All that should be output is the block of lines below from the line with "kaizen texo fab" to the line with "Lightning storm in", both included, exactly as written.
*** PROVIDED DATA Section Begins ***
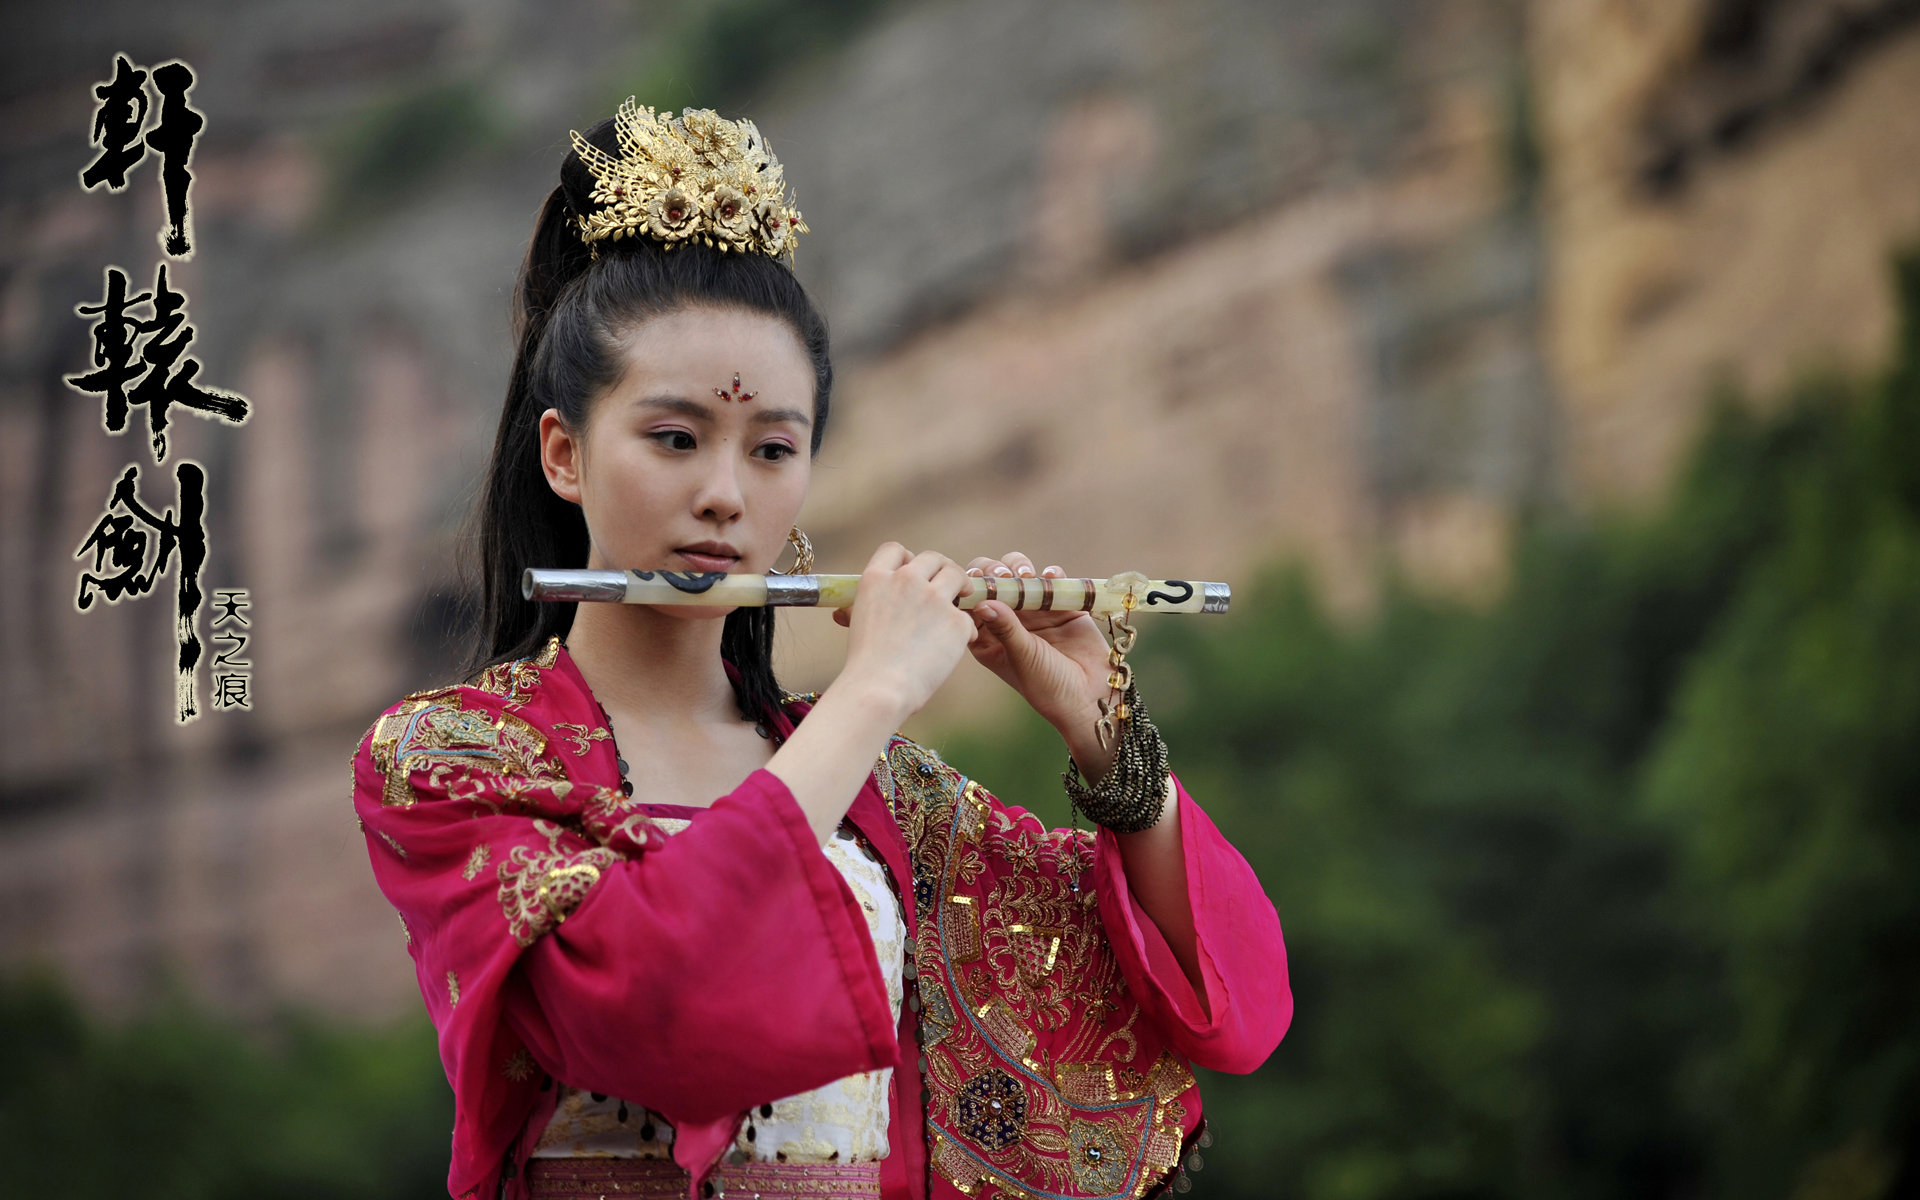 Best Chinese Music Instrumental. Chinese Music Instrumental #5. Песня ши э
*** PROVIDED DATA Section Ends ***
*** PROVIDED DATA Section Begins ***
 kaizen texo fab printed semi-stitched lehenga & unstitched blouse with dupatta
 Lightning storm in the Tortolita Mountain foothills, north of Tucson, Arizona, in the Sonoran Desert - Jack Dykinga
*** PROVIDED DATA Section Ends ***
RESPONSE FOR THIS EXERCISE >>
 kaizen texo fab printed semi-stitched lehenga & unstitched blouse with dupatta
 Lightning storm in the Tortolita Mountain foothills, north of Tucson, Arizona, in the Sonoran Desert - Jack Dykinga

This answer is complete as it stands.